In this approach, images are passed to the agent at the start and stored as `task_images` alongside the task prompt. The agent then processes these images throughout its execution.  

Consider the case where Alfred wants to verify the identities of the superheroes attending the party. He already has a dataset of images from previous parties with the names of the guests. Given a new visitor's image, the agent can compare it with the existing dataset and make a decision about letting them in.  

In this case, a guest is trying to enter, and Alfred suspects that this visitor might be The Joker impersonating Wonder Woman. Alfred needs to verify their identity to prevent anyone unwanted from entering.  

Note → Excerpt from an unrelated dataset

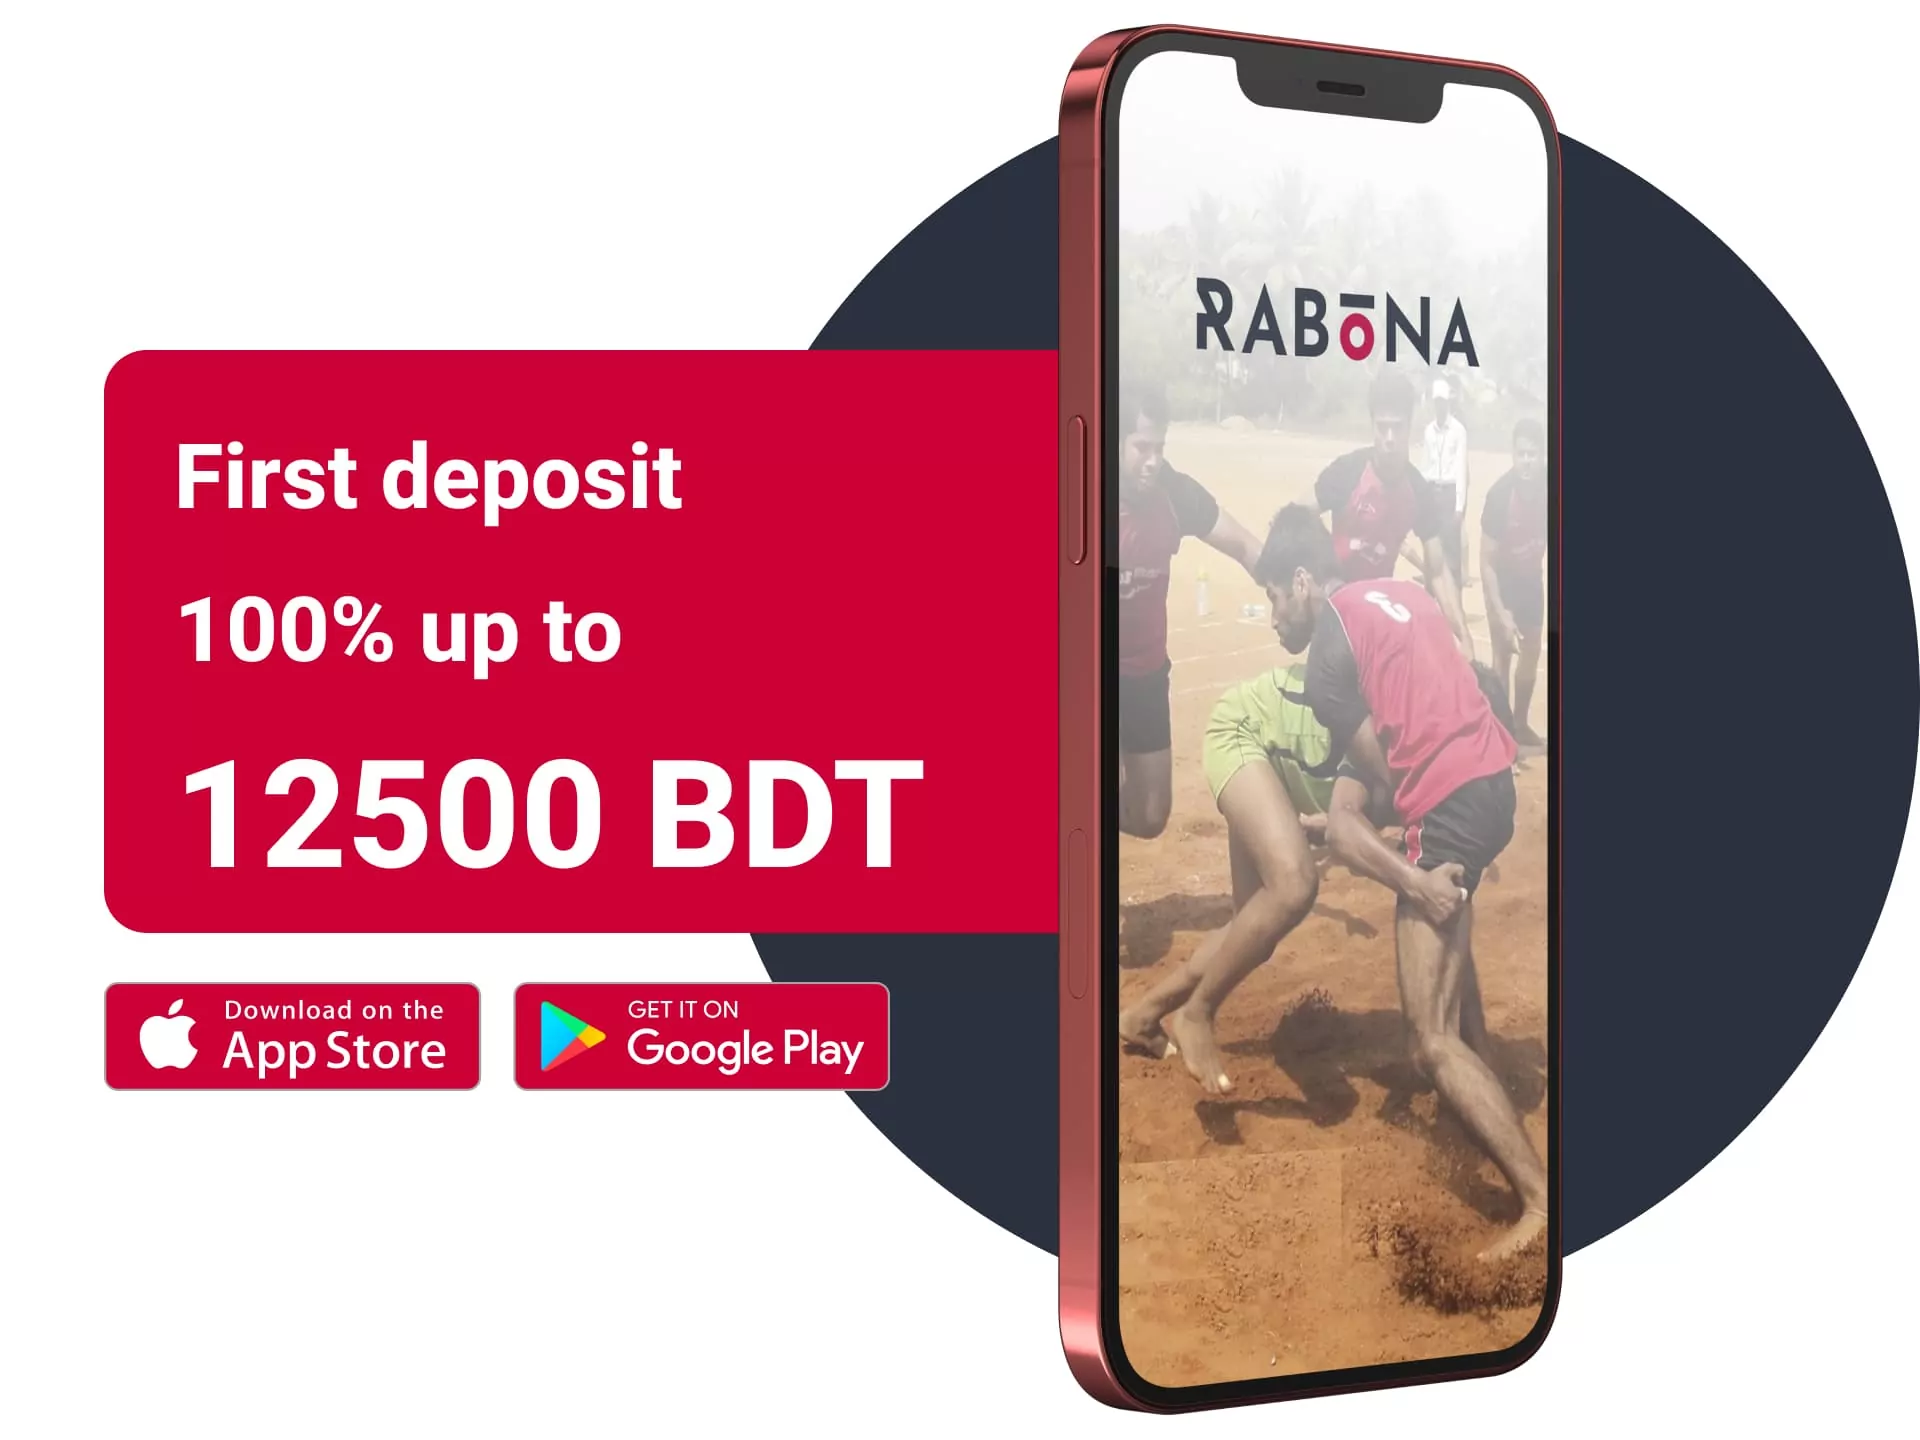 Rabona with In-Play betting and welcome bonus up to 12,500 BDT accepts bets on kabaddi.

Let’s build the example. First, the images are loaded. In this case, we use images from Wikipedia to keep the example minimal, but imagine the possible use-cases!

In [2]:
from PIL import Image
import requests
from io import BytesIO

image_urls = [
    "https://upload.wikimedia.org/wikipedia/commons/e/e8/The_Joker_at_Wax_Museum_Plus.jpg",
    "https://upload.wikimedia.org/wikipedia/en/9/98/Joker_%28DC_Comics_character%29.jpg"
]

images = []
for url in image_urls:
    headers = {
        "User-Agent": "Mozilla/5.0 (Windows NT 10.0; Win64; x64) AppleWebKit/537.36 (KHTML, like Gecko) Chrome/114.0.0.0 Safari/537.36"
    }
    response = requests.get(url,headers=headers)
    image = Image.open(BytesIO(response.content)).convert("RGB")
    images.append(image)

Now that we have the images, the agent will tell us wether the guests is actually a superhero (Wonder Woman) or a villian (The Joker).

In [3]:
from google.colab import userdata
import os
os.environ["OPENAI_API_KEY"] = userdata.get('GEMINI_API_KEY')

In [5]:
from smolagents import CodeAgent, OpenAIServerModel

model = OpenAIServerModel(model_id="gemini-2.5-flash", api_base="https://generativelanguage.googleapis.com/v1beta/openai/")

# Instantiate the agent
agent = CodeAgent(
    tools=[],
    model=model,
    max_steps=20,
    verbosity_level=2
)

response = agent.run(
    """
    Describe the costume and makeup that the comic character in these photos is wearing and return the description.
    Tell me if the guest is The Joker or Wonder Woman.
    """,
    images=images
)

In [6]:
response

'The character in the photos is wearing white face makeup, with bright red lips stretched into a wide, menacing grin. Their hair is dyed green. The costume consists of a purple long coat, a gold or mustard-yellow collared shirt, and a purple cravat or bow tied around the neck. The character in the images is The Joker.'

In this case, the output reveals that the person is impersonating someone else, so we can prevent The Joker from entering the party!